PCR products were run and visualised on 1% agarose gels comprising molecular grade agarose (Bioline, London, UK), TBE buffer and 0.5 – 2 µl GelGreenTM Nucleic Acid Gel Stain (Biotium, Cambridge, UK). To load gel, 3 µl of PCR product was added to 2 µl of blue loading buffer (Bioline) and pipetted into the wells alongside 1 µl Hyperladder 1kb (Bioline) size standard. Product sizes were separated using electrophoresis in a RunOneTM Electrophoresis Cell (Cheshire, UK) at 45 v for between 30 – 80 min, depending on the size of the gel.
Gels were mounted on a PrepOneTM Sapphire illuminator (EmbiTec) covered by a PI-1002 PrepOneTM filter (EmbiTec) and camera hood and photographed.
PCR product amplicons were cleaned using a MiniElute® PCR Purification Kit (Qiagen), with slight modifications to the manufacturer’s protocol. Cleaned DNA was eluted in 10 µl of autoclaved Milli-Q water for 20 minutes.

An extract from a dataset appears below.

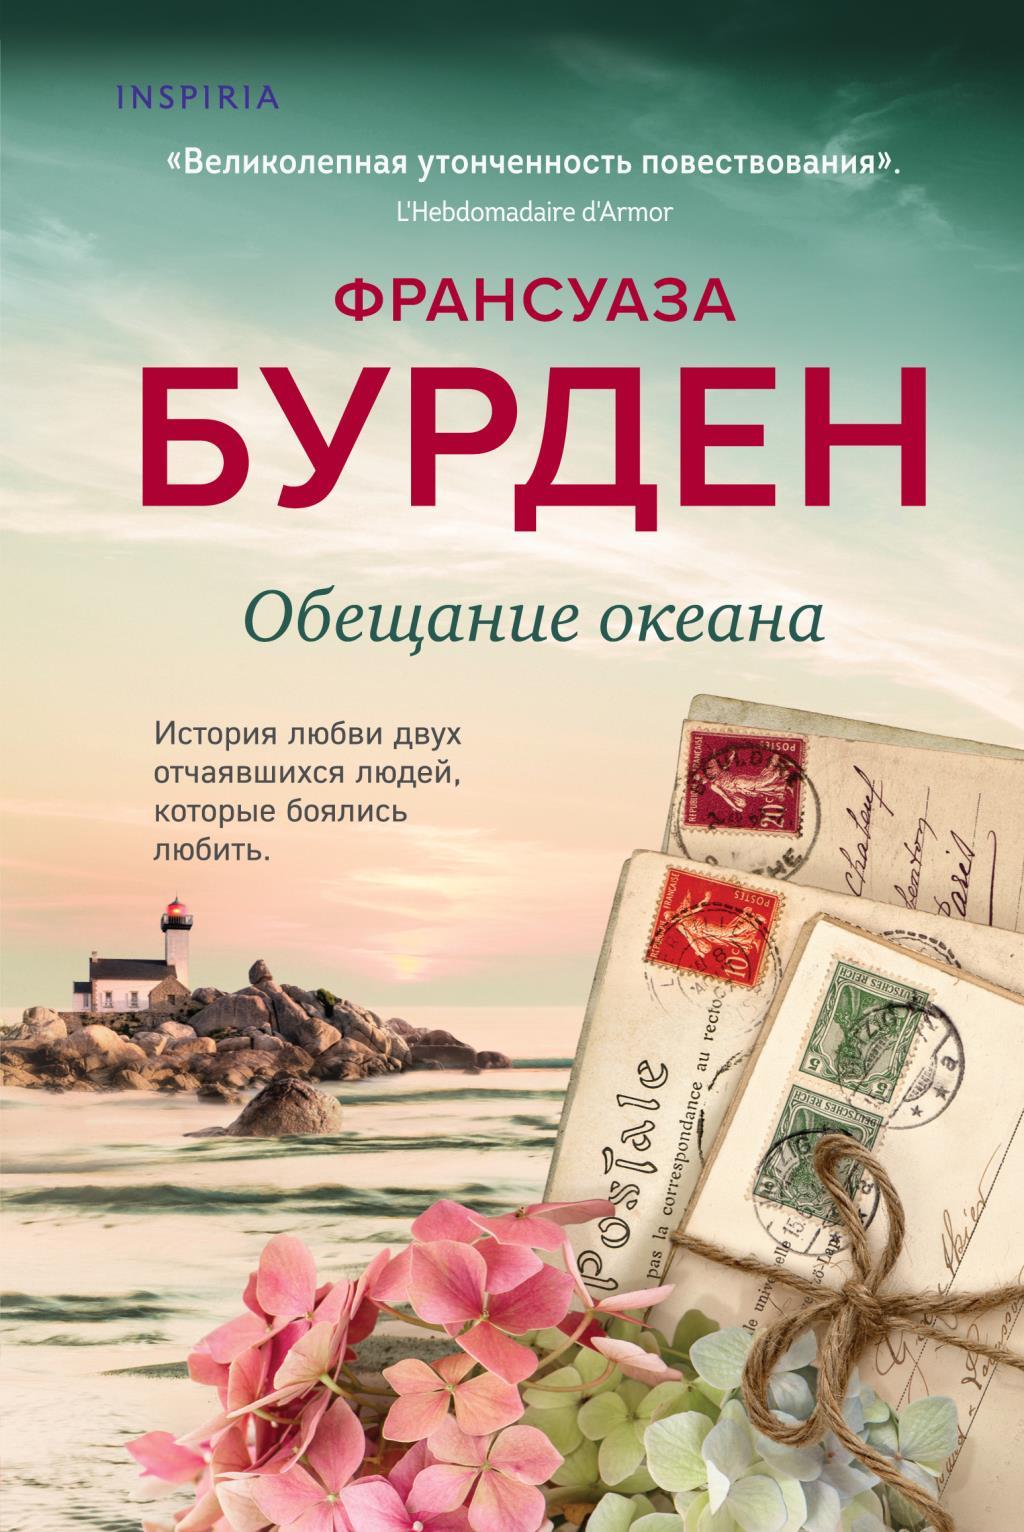 Трогательный жизненный роман Франсуазы Бурден 'Обещание океана'

10 – 40 ng/µl of cleaned PCR product was added to 4 pmoles of a single relevant primer and the final volume adjusted to 10 µl using Milli-Q water. Samples were Sanger sequenced at the University of Manchester DNA Sequencing Facility using Big Dye 3.1 chemistry on an ABI 3100 Genetic Analyzer (Fisher Scientific).

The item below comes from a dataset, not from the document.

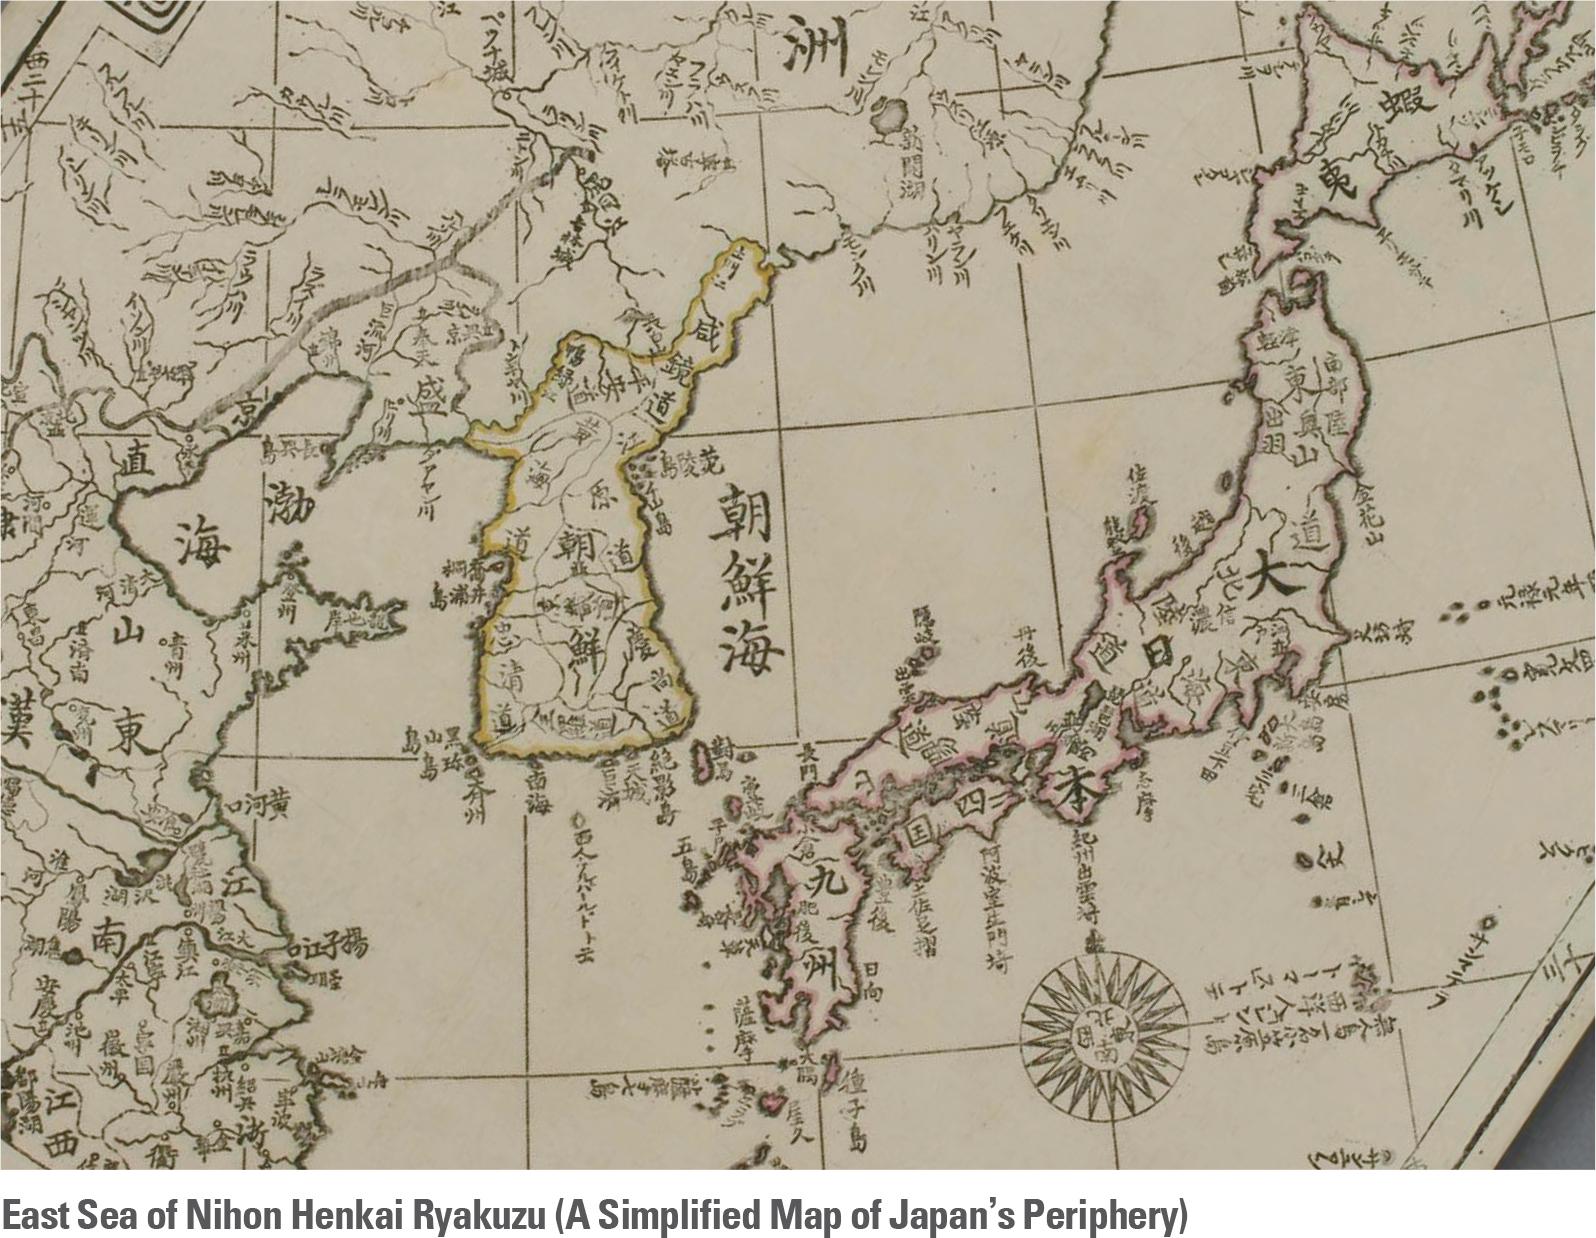 East Sea of Nihon Henkai Ryakuzu

Sequence traces were examined and regions of poor quality or low-confidence sequence were removed in BioEdit. The complimentary sequence of that produced by the reverse primer was aligned next to the sequence produced by the forward primer, using the ClustalW function. This allowed for the extraction of the entire DNA sequence amplified by the primers.
To identify the species from which the sequences were from they were run through the GenBank nucleotide BLAST tool.